Most schoolboy encounters never get past the stage of yeah? yeah! because you'd really like to paste the other guy but you're always afraid the other guy might paste you first. But they are into it now, and when the speech from the throne is read on Tuesday evening, they'll be into it worse. Someone will actually have to fight or back down.
Libs in freefall
For Prime Minister Stephen Harper, the temptation of an election must be almost irresistible: Stéphane Dion and the Liberals are in freefall and seem to be tumbling faster with each day; likewise Gilles Duceppe and the Bloc Québécois; Jack Layton and the New Democrats have their boots nailed to the floor, going nowhere.
But of course Harper and his Conservatives must tread carefully. His opponents are floundering, but it is unclear whether Harper has gained substantial support beyond what he won in the election campaign nearly two years ago.
For months now, the Conservatives and Liberals have been locked in a virtual dead heat, although a new poll by the firm Ipsos Reid has the Harper Tories at 40 per cent — in striking distance of a majority — and the Liberals at just 28 per cent of decided voters.
Perhaps because he has similar numbers in hand, Harper has been almost daring the opposition to defeat his government, taunting them with the prospect of an unpalatable throne speech that would force them to vote it down.
He has also been clearing the decks for an election call by, among other things, making peace with Nova Scotia on offshore oil revenues. But in the process he has inspired a level of contempt from Newfoundland's Danny Williams that is astonishing. Conservative strength in Atlantic Canada is already sufficiently uncertain that a continuing brawl with the popular Williams may be more of a risk than Harper wants.

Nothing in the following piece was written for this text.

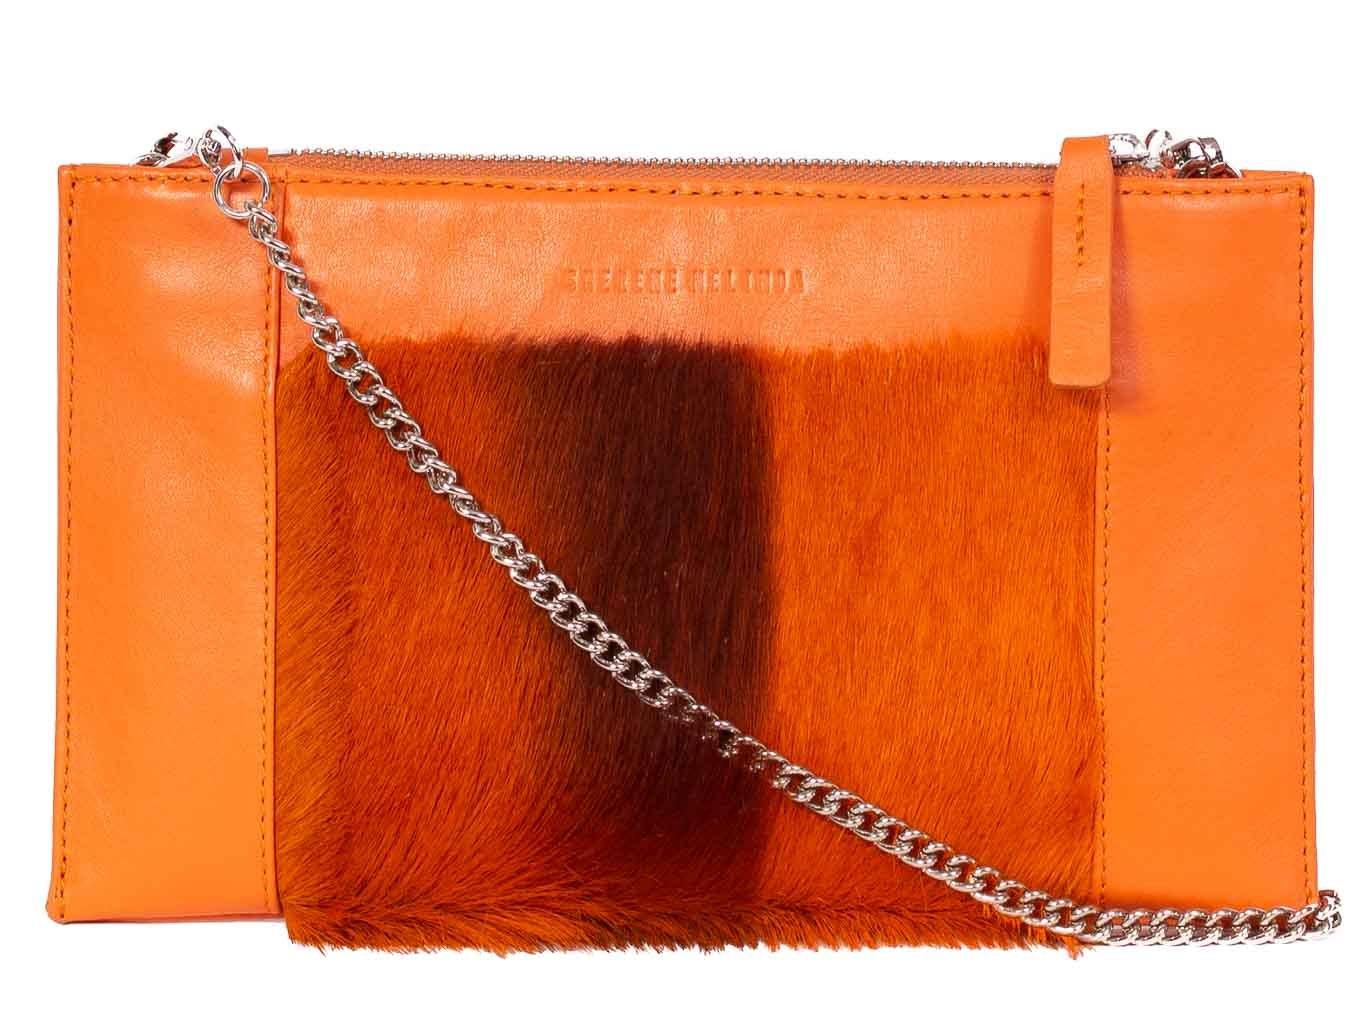 Clutch Springbok Handbag in Orange with a stripe feature by Sherene Melinda front strap

If Harper is to find a majority, it will probably be in Quebec, where the Bloc is in serious trouble. But the prime minister's main ally in Quebec is Premier Jean Charest, whose own political problems seem endless. The unknown is whether the return of Pauline Marois as head of the Parti Québécois will revive the Bloc to the detriment of the Conservatives.
Ontario's tired
The re-election of Dalton McGuinty as premier of Ontario this week cannot be regarded as good news for Harper. The provincial Conservatives lost votes on the battleground that the federal Conservatives must win if they are to have any hope of a majority.
That said, if Harper's course is less than clear, Stéphane Dion's future is profoundly murky. The Liberal leader has quite simply failed to register on the consciousness of English Canada, and he has fared even worse in his native Quebec. His chief ally in the Liberal party bureaucracy has been pushed out in circumstances that must be acutely painful for Dion.
Before that, of course, were the three Quebec byelections that were positively humiliating for the Liberals. The old days of Quebec as the stronghold of the federal Liberal party are long gone, but losing the Outremont riding should have been impossible.
Predictably, the New Democrats saw their victory in Outremont as the signal of a breakthrough for the party that had only once before won a seat in Quebec (a seat they also won in a byelection and that was lost in the next general election). Jack Layton should enjoy the NDP victory, but he should not delude himself that it will change the face of federal politics.
What Layton, Harper, Dion and Duceppe must all ponder is whether the immediate future of federal politics was not sketched out in the Ontario election. After all the sound and fury of a campaign that seemed to go on for months, not much changed. With the economy in good shape and peace in the land, voters did not seem inclined to get mad or get excited.
The exception to that placid picture, of course, is Newfoundland, where Premier Danny Williams got the province sufficiently agitated that he won himself a landslide re-election. However, there is no sign of any such agitation on the federal scene.
So as the four schoolboys gather to hear the speech from the throne, brandishing their fists and their taunts, it is still not clear whether any one of them will actually bring himself to throw a punch. The danger is when you throw and miss.